Install the necessary packages:

pip install thestage
pip install elastic_models[nvidia]\
 --index-url https://thestage.jfrog.io/artifactory/api/pypi/pypi-thestage-ai-production/simple\
 --extra-index-url https://pypi.nvidia.com\
 --extra-index-url https://pypi.org/simple

pip install flash_attn==2.7.3 --no-build-isolation
pip uninstall apex

Go to app.thestage.ai, log in, and generate an API token from your profile page.
Set up the API token:

thestage config set --api-token <YOUR_API_TOKEN>

💻 Usage Examples

Basic Usage

To infer our models, replace transformers import with elastic_models.transformers:

import torch
from transformers import AutoTokenizer
from elastic_models.transformers import AutoModelForCausalLM

# Currently we require to have your HF token
# as we use original weights for part of layers and
# model confugaration as well
model_name = "meta-llama/Llama-3.2-1B-Instruct"
hf_token = ''
device = torch.device("cuda")

# Create mode
tokenizer = AutoTokenizer.from_pretrained(
    model_name, token=hf_token
)
model = AutoModelForCausalLM.from_pretrained(
    model_name, 
    token=hf_token,
    torch_dtype=torch.bfloat16,
    attn_implementation="sdpa",
    mode='S'
).to(device)
model.generation_config.pad_token_id = tokenizer.eos_token_id

# Inference simple as transformers library
prompt = "Describe basics of DNNs quantization."
messages = [
  {
    "role": "system",
    "content": "You are a search bot, answer on user text queries."
  },
  {
    "role": "user",
    "content": prompt
  }
]

chat_prompt = tokenizer.apply_chat_template(
    messages, add_generation_prompt=True, tokenize=False
)

inputs = tokenizer(chat_prompt, return_tensors="pt")
inputs.to(device)

with torch.inference_mode:
    generate_ids = model.generate(**inputs, max_length=500)

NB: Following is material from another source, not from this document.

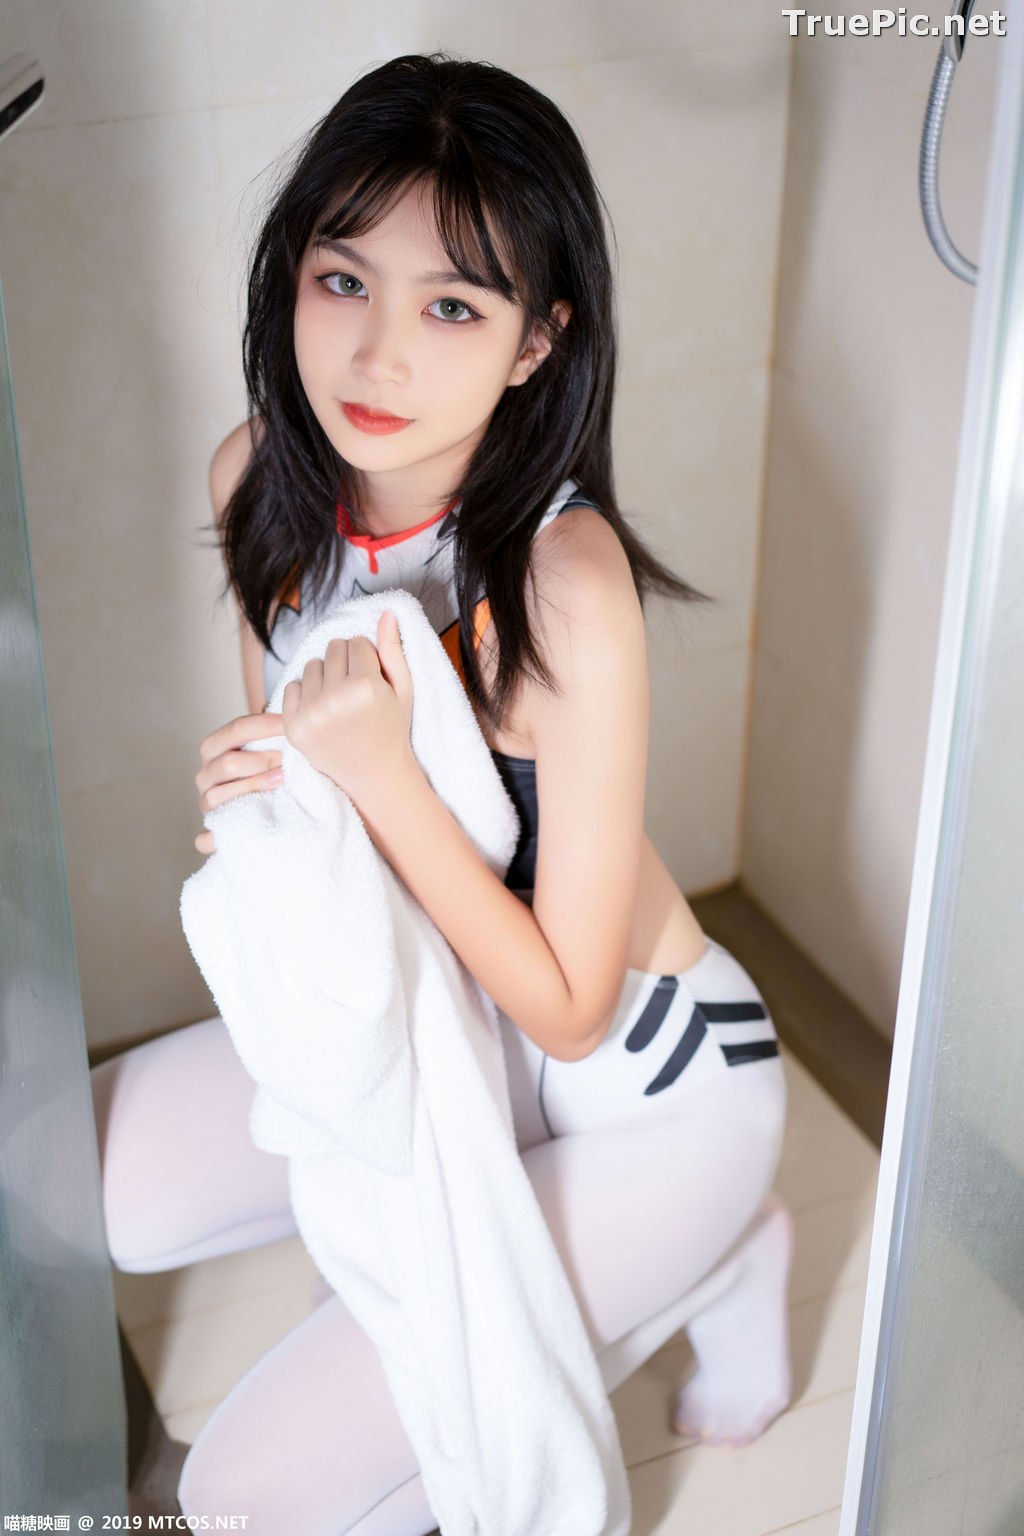 Image MTCos 喵糖映画 Vol.031 – Chinese Cute Model – Evangelion Aya Polly Cosplay - TruePic.net - Picture-40

input_len = inputs['input_ids'].shape[1]
generate_ids = generate_ids[:, input_len:]
output = tokenizer.batch_decode(
    generate_ids,
    skip_special_tokens=True, 
    clean_up_tokenization_spaces=False
)[0]

# Validate answer
print(f"# Q:\n{prompt}\n")
print(f"# A:\n{output}\n")

📚 Documentation

System Requirements

GPUs: H100, L40s
CPU: AMD, Intel
Python: 3.10 - 3.12

🔧 Technical Details

Benchmarks

Benchmarking is crucial during model acceleration. We aim to provide clear performance metrics for models using our algorithms. The W8A8, int8 column indicates that W8A8 quantization with int8 data type was applied to all linear layers, using the same calibration data as for ANNA. The S model achieves similar speed but higher quality, as ANNA can improve quantization quality on sensitive layers.

Quality benchmarks

Metric/Model	S	M	L	XL	Original	W8A8, int8
MMLU	45.5	45.9	45.9	46.2	46.2	24
PIQA	73.1	73.7	74.2	74.3	74.3	55.8
Arc Challenge	34.5	35.9	36.0	35.8	35.8	20.3
Winogrande	60.4	59.7	60.8	59.5	59.5	50.3

MMLU: Evaluates general knowledge across 57 subjects including science, humanities, engineering, etc., showing the model's ability to handle diverse academic topics.
PIQA: Evaluates physical commonsense reasoning through questions about everyday physical interactions, demonstrating the model's understanding of real - world physics concepts.
Arc Challenge: Evaluates grade - school level multiple - choice questions requiring reasoning, indicating the model's ability to solve complex reasoning tasks.
Winogrande: Evaluates commonsense reasoning through sentence completion tasks, showing the model's capability to understand context and resolve ambiguity.

Latency benchmarks

100 input/300 output; tok/s:

GPU/Model	S	M	L	XL	Original	W8A8, int8
H100	436	436	409	396	110	439
L40s	290	251	222	210	103	300

📄 License

This project is licensed under the Apache - 2.0 license.